US Meat Consumption to Grow
US - Annual US per capita meat consumption will grow by more than 2 pounds this year for the first time since 2004, write Steve Meyer and Len Steiner.As can be seen in the graphs, that increase is expected to be maintained next year according to forecasts by the Livestock Marketing Information Center.
This year’s increase is driven by healthy gains in chicken (+5 lbs./person) and pork (+3 lbs./person).
The slight growth (0.43 lbs./person) forecast for 2016 will be driven by more modest gains for those species and slight growth in turkey consumption.
Domestic per capita beef consumption is forecast to be steady with 2014 levels this year and to actually fall slightly (0.5 lbs/person) in 2016.
Some might mistakenly conclude that higher consumption/usage is indicative of higher “demand”. While true that consumers will in a sense “demand” more meat by buying or consuming more meat, quantity alone does not constitute economic demand.
That is nothing new to readers as you have read it in these pages many times now.
Consumption/quantity is just one piece of that puzzle with the price being the other component. This does not mean that per capita consumption is not important.
Over the long run, growth in the consumption of your product is a very, very desirable thing. And it can be indicative of higher demand - but it may not.
Chicken is the best example of this. Back in the 1980s and ‘90s there was a raging debate about whether chicken demand was actually growing or whether chicken was just growing consumption by reducing its price.
That happened, of course, because the efficiency of chicken production kept getting better.

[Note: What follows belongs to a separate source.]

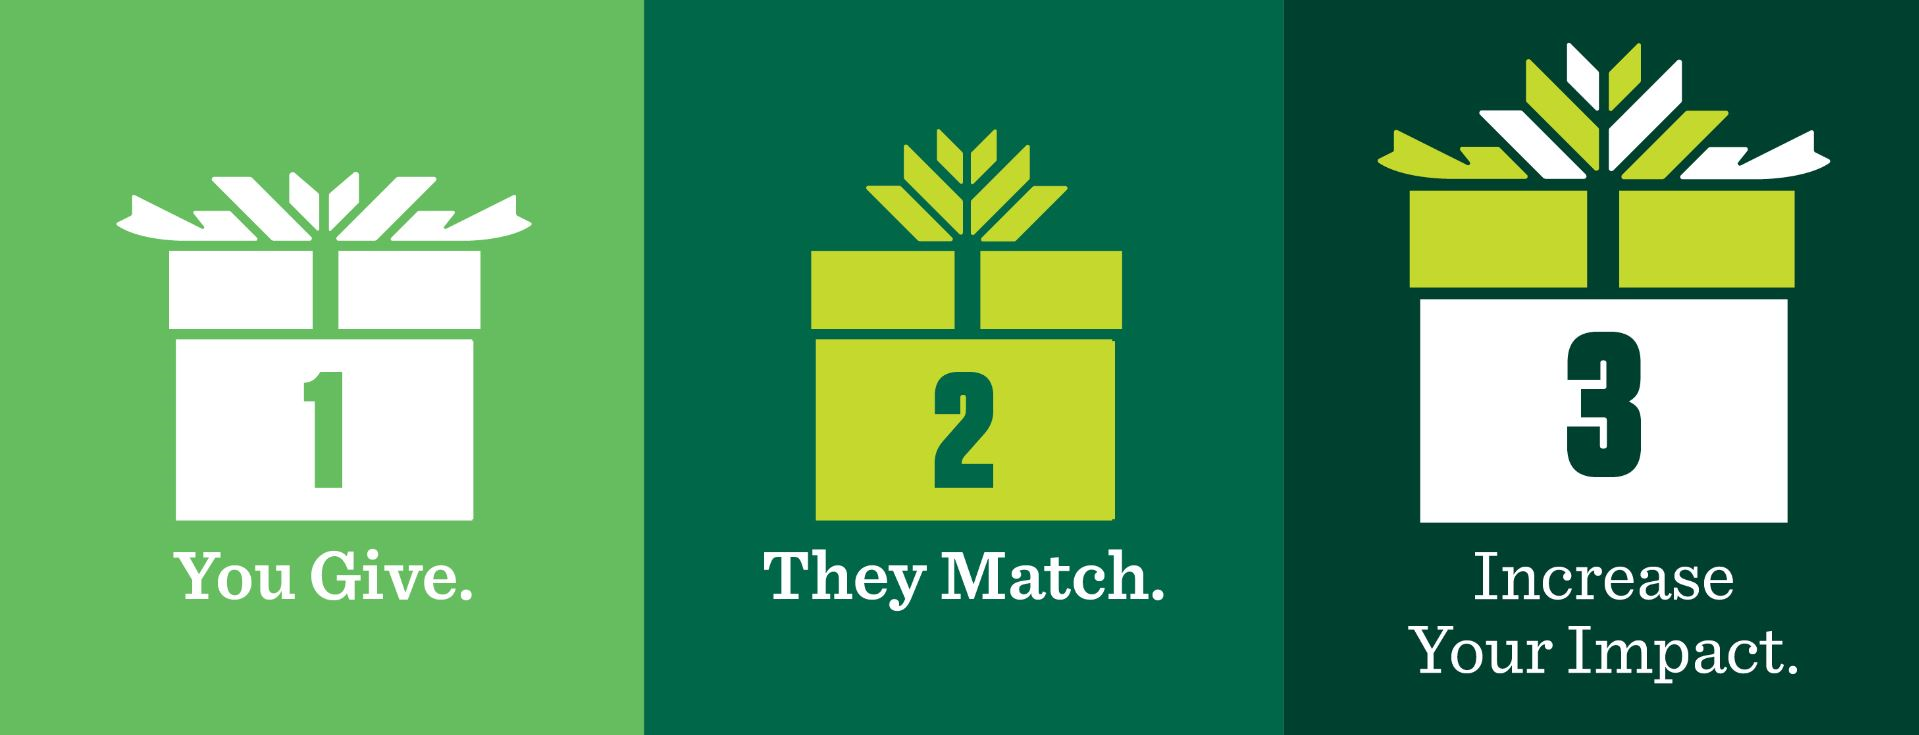 matching gifts increases donor impact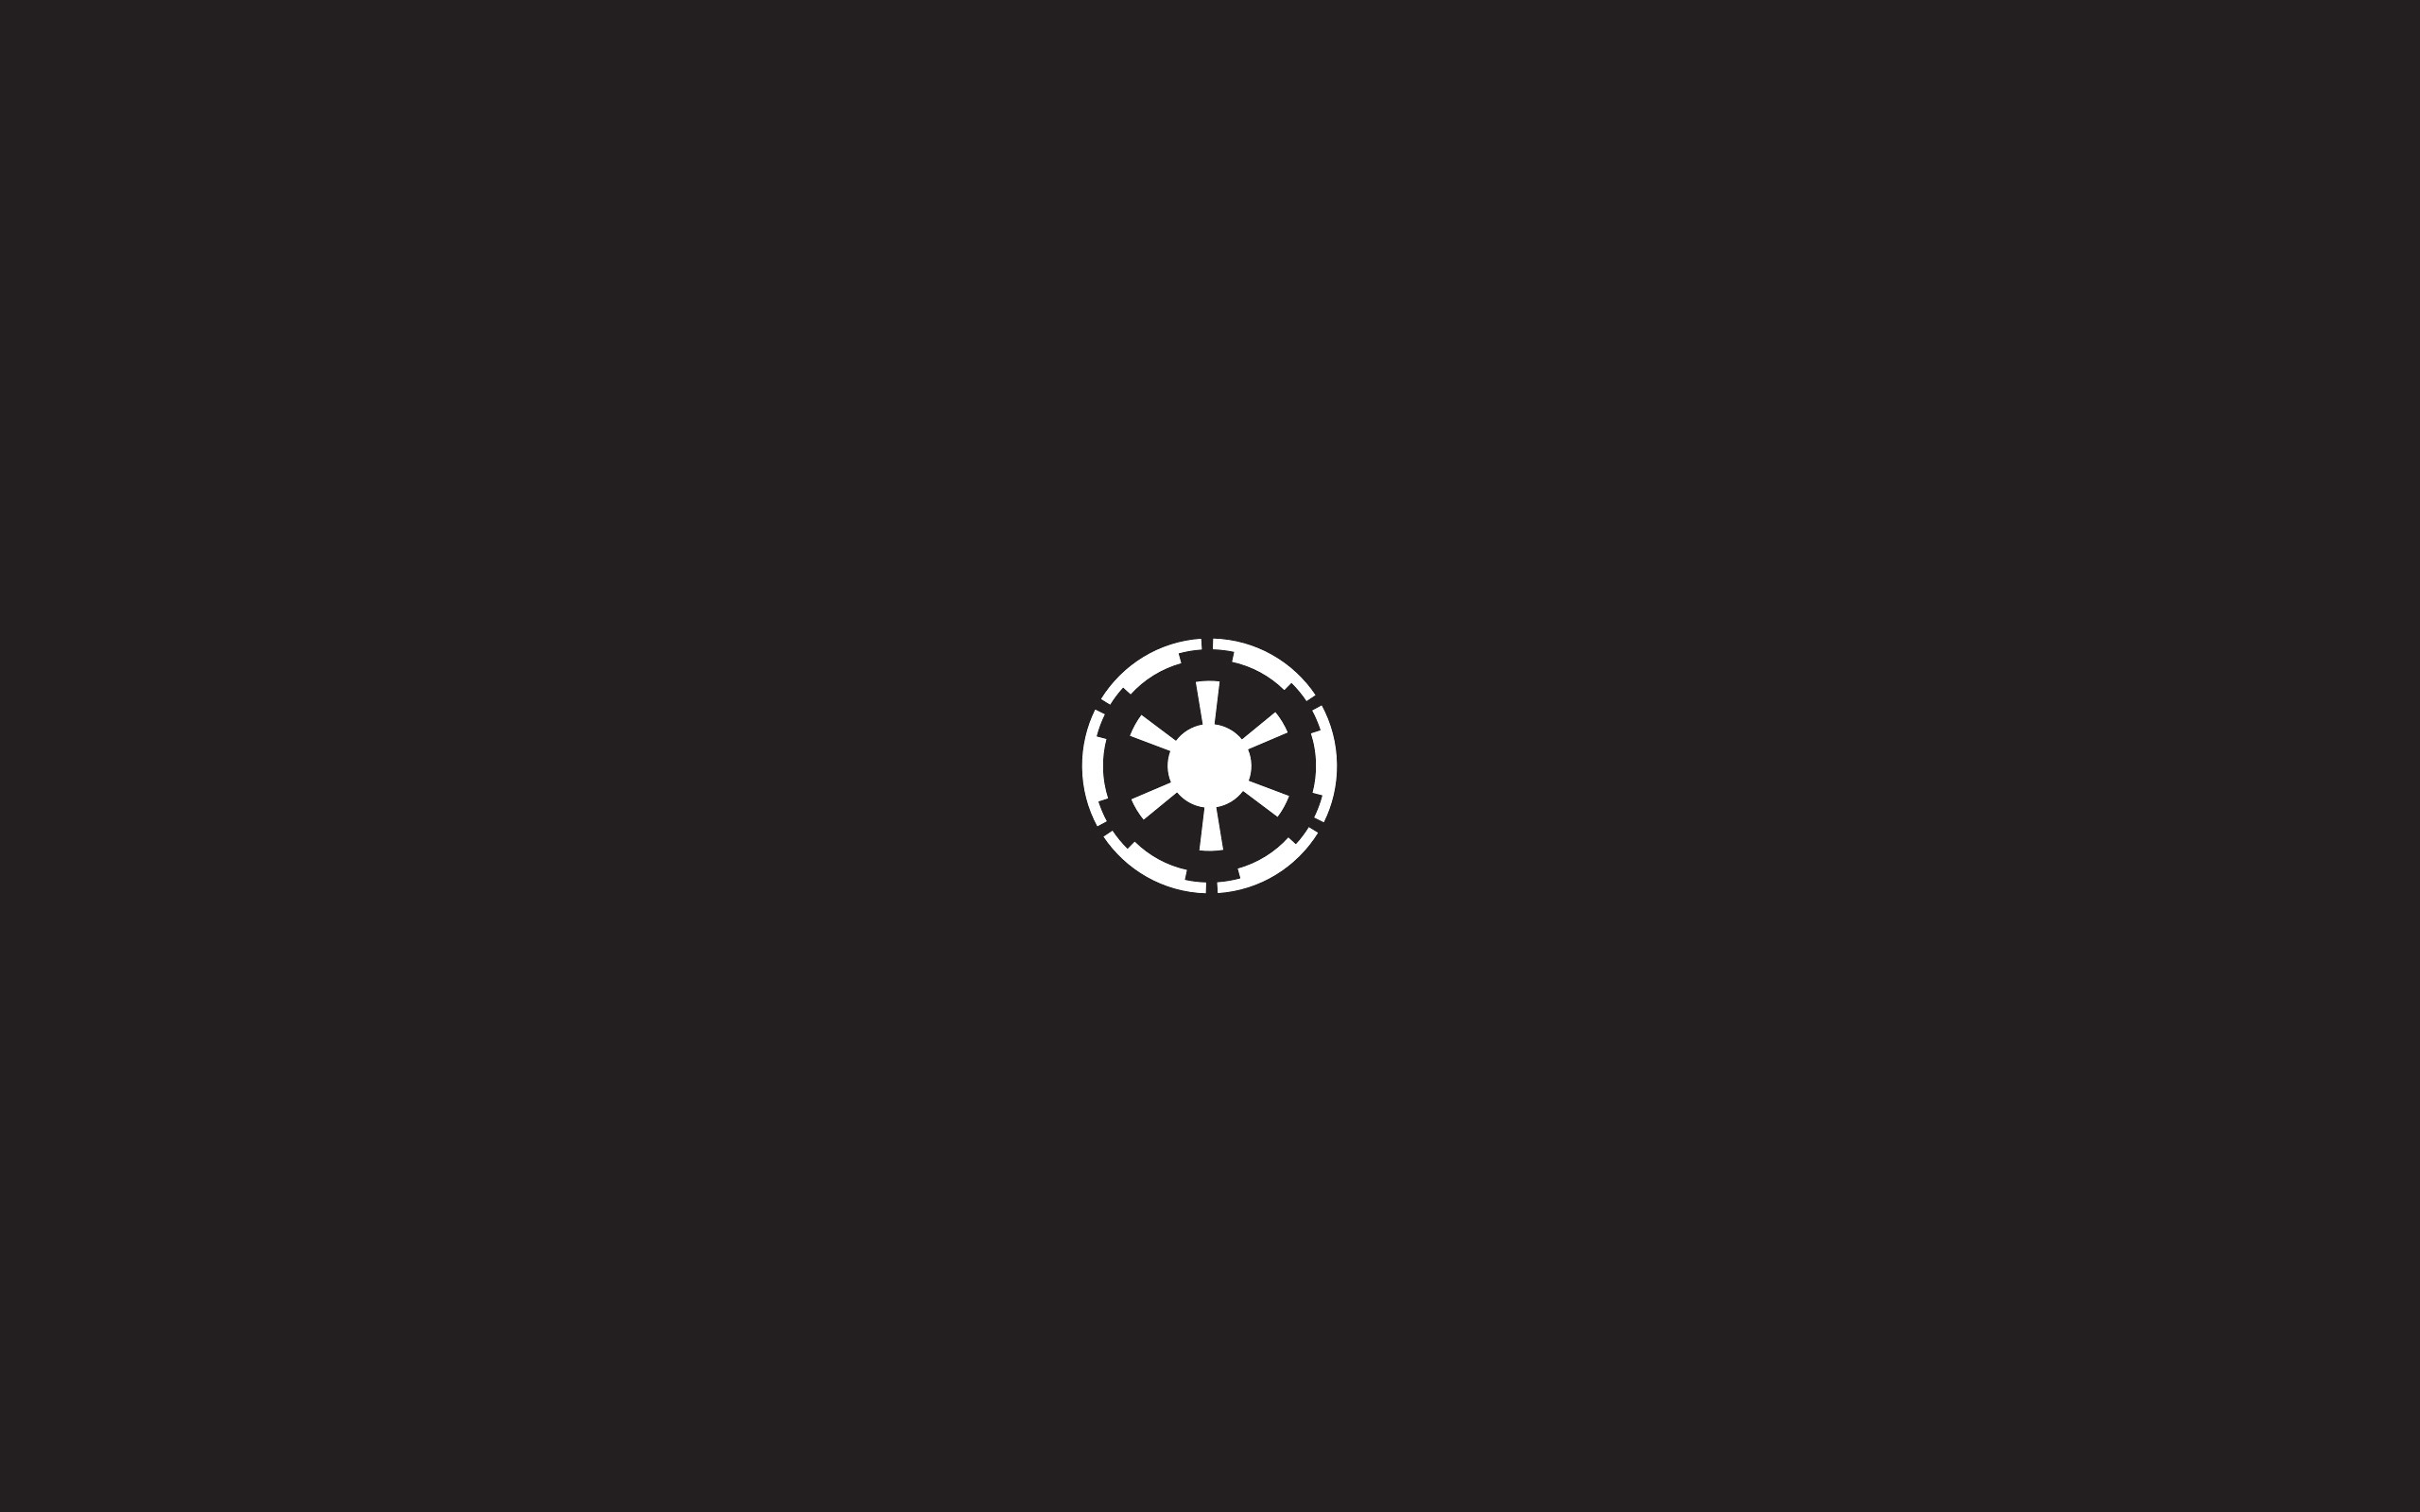 Star Wars, Minimalism Wallpapers HD / Desktop and Mobile Backgrounds.

Falling costs allowed prices to fall relative to beef, pork and lamb while still providing handsome returns to chicken companies.
The results of economic studies fell into both camps but the preponderance of those results, we think, said that in those days relative prices were the driving force. But relative chicken prices have, in more recent years until the explosion of beef and pork prices the past three years, been relative steady while chicken consumption has continued to grow.
That indicates some increase in chicken demand over time. Contrast the pattern of per capita consumption in the top chart with that of total US meat production in the bottom chart.
One notable difference is that the production chart includes a practically invisible red bar (it is between the green “pork” bar and the powder blue “chicken” bar) for lamb and veal.
Lamb consumption was never nearly as large as the other species but has declined steadily from 4.5 retail lbs./person in 1962 to around 1 retail lb/person annually since 2008. The decline in veal consumption has been even more dramatic - from 5.2 retail lbs/person in 1960 to just 0.22 lbs./person in 2014.
The long-term change in consumption for those two species reflect long-term demand declines driven by preferences, demographics and lower prices of alternative proteins.
US meat production, though, will hit an all-time high of 94.895 billion pounds carcass weight this year.
Converting that production growth to per capita consumption involves several obvious variables.
First, the US population continues to grow by about 0.7 per cent per year. That rate is slightly slower than before the Great Recession but it takes a short 1 per cent for the US meat/poultry industry to just keep up with out own population growth.
The other big adjustment is exports. Net exports now account for 17 per cent or so of annual pork production.
As recent as 1994, the US was a net IMPORTER of pork. Net exports account for roughly 20 per cent of US broiler production. Beef trade is roughly a net zero factor as we usually import about as much beef as we export.
Lagging exports for all three species are a major contributor to the growth of domestic consumption this year. Forecasts for higher exports in 2016 are one factor that will keep domestic per capita consumption near this year’s level.